In: Accounting
Matthew Damon has been appointed as a junior auditor of AwesomewaterhouseCoopers (AwC). One of his first tasks is to review the firm’s audit clients to ensure that independence requirements of APES 110 (Code of Ethics for Professional Accountants) are being met. His review has revealed the following:
(1) AwC has recently been approached by Metal Mining Limited (MML) to conduct its audit. The accountant at MML, Jennifer Lawrence is the daughter of one of AwC’s audit partner Brian Adams. Being aware of Brian’s relationship with Jennifer, AwC will not be assigning Brian to the audit team of MML.
Required:
Using the conceptual framework in APES 110 (Code of Ethics for Professional Accountants), identify potential threat(s) to independence & recommend safeguards (if any) to reduce the independence threat(s) identified. Also, provide an objective assessment of whether audit independence can be achieved.

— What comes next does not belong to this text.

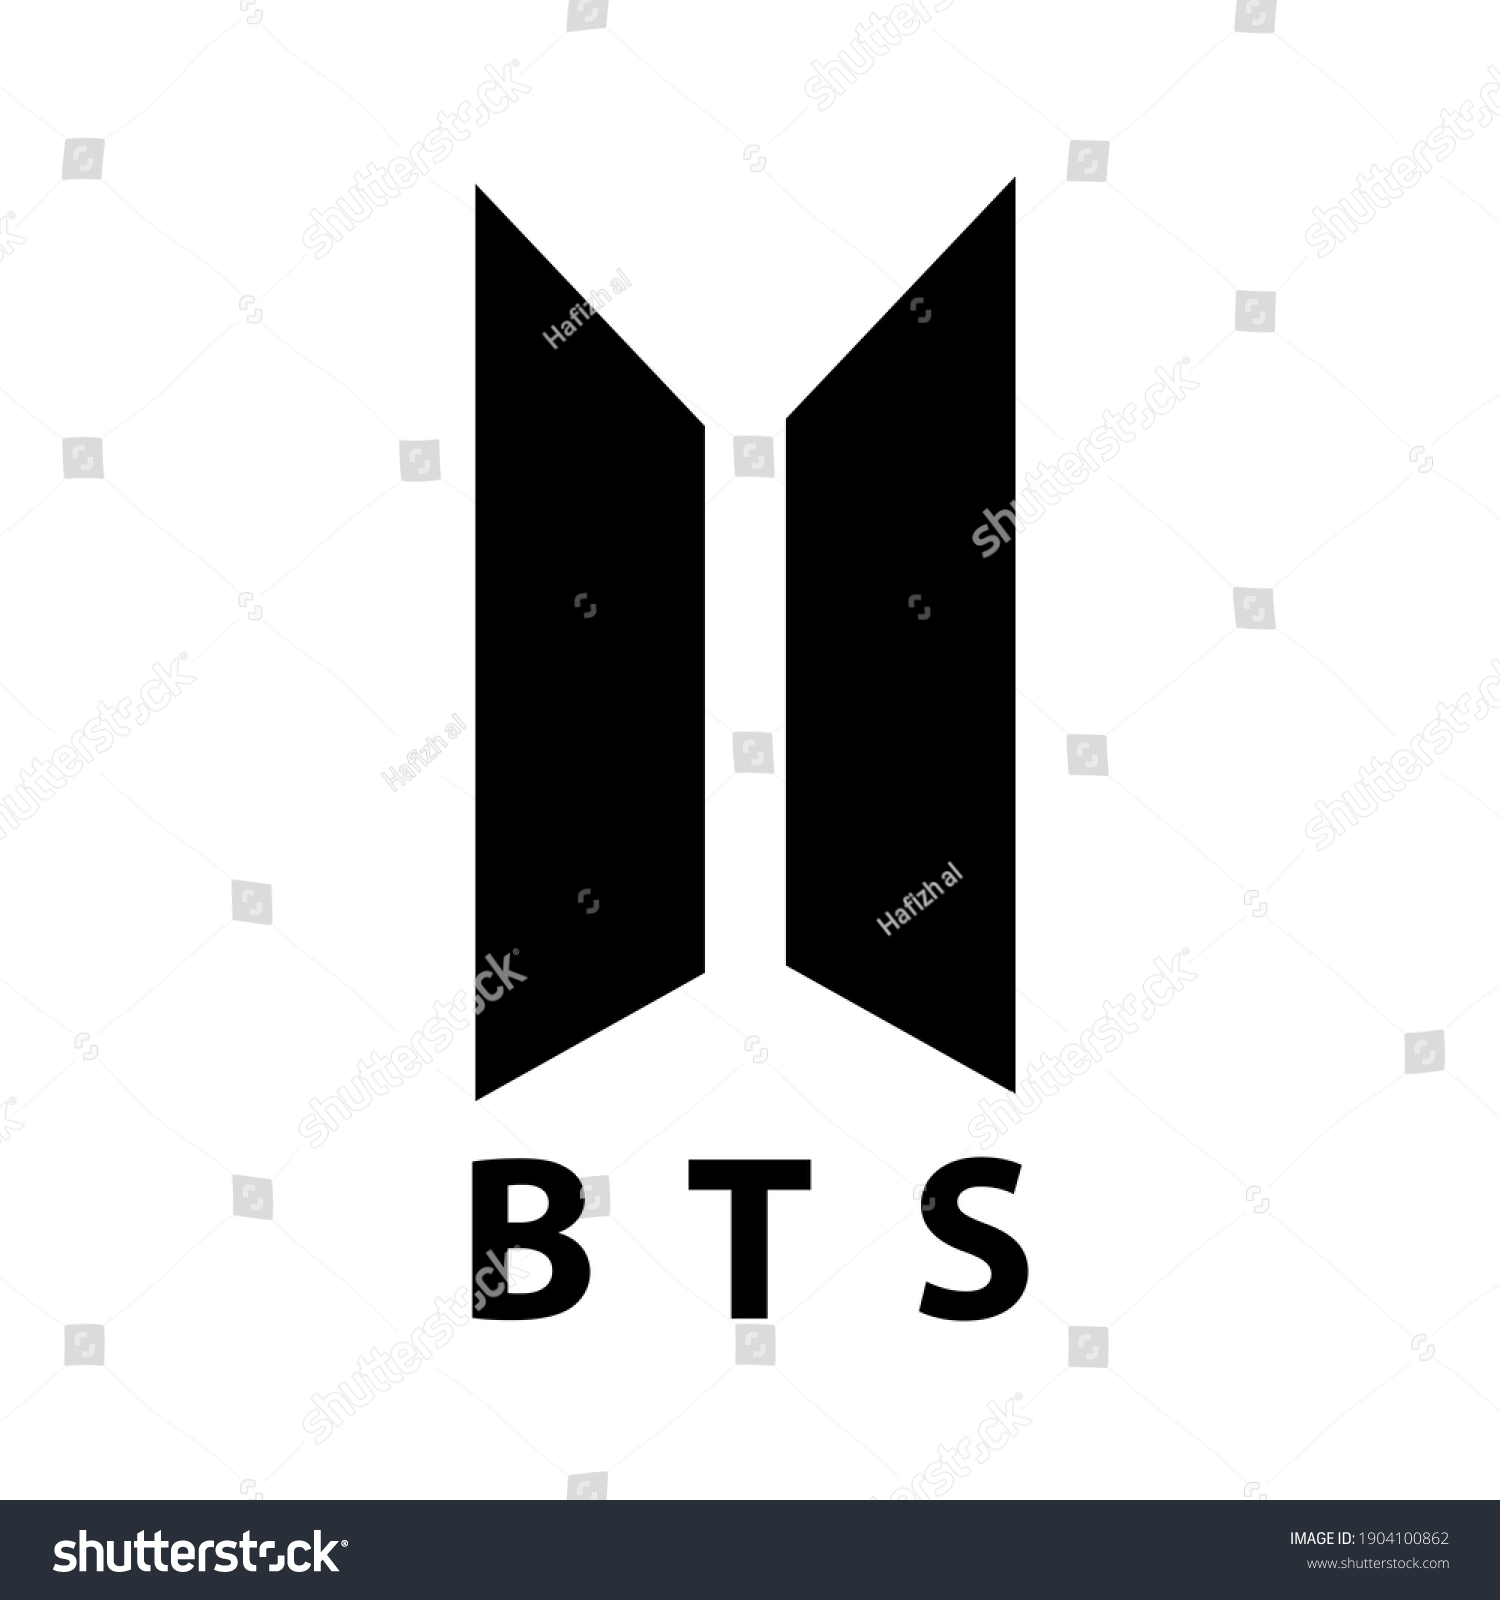 SVG of Logo BTS ,Bangtan Boys , new logo on white background. simple design for graphics, logos, websites, social media, UI, mobile apps, EPS10 svg

As per Section 220 of APES 110, Conflicts of interest create threats to compliance with a number of fundamental principles, such as objectivity, confidentiality and professional behaviour. Conflicts of interest may arise by business interests or relationships with clients or third parties. If conflicts of interest are identified, Members in public practice are required to apply appropriate safeguards to eliminate them or reduce them to an acceptable level. When a conflict of interest creates a threat that cannot be eliminated or reduced to an acceptable level, the Member must not accept, or must resign from, the conflicting engagement.
Potential Threats:
(a) Self-interest; (b) Self-review; (c) Advocacy; (d) Familiarity; and (e) Intimidation.
Safeguards:
(a) Safeguards created by the profession, legislation or regulation; and (b) Safeguards in the work environment.
Safeguards may include:
• Involving an additional professional accountant to review the work done or otherwise advise as necessary.
• Consulting an independent third party, such as a committee of independent directors, a professional regulatory body or another professional accountant.
• Discussing ethical issues with those charged with governance of the client.
• Disclosing to those charged with governance of the client the nature of services provided and extent of fees charged.
• Involving another firm to perform or re-perform part of the engagement.
• Rotating senior assurance team personnel.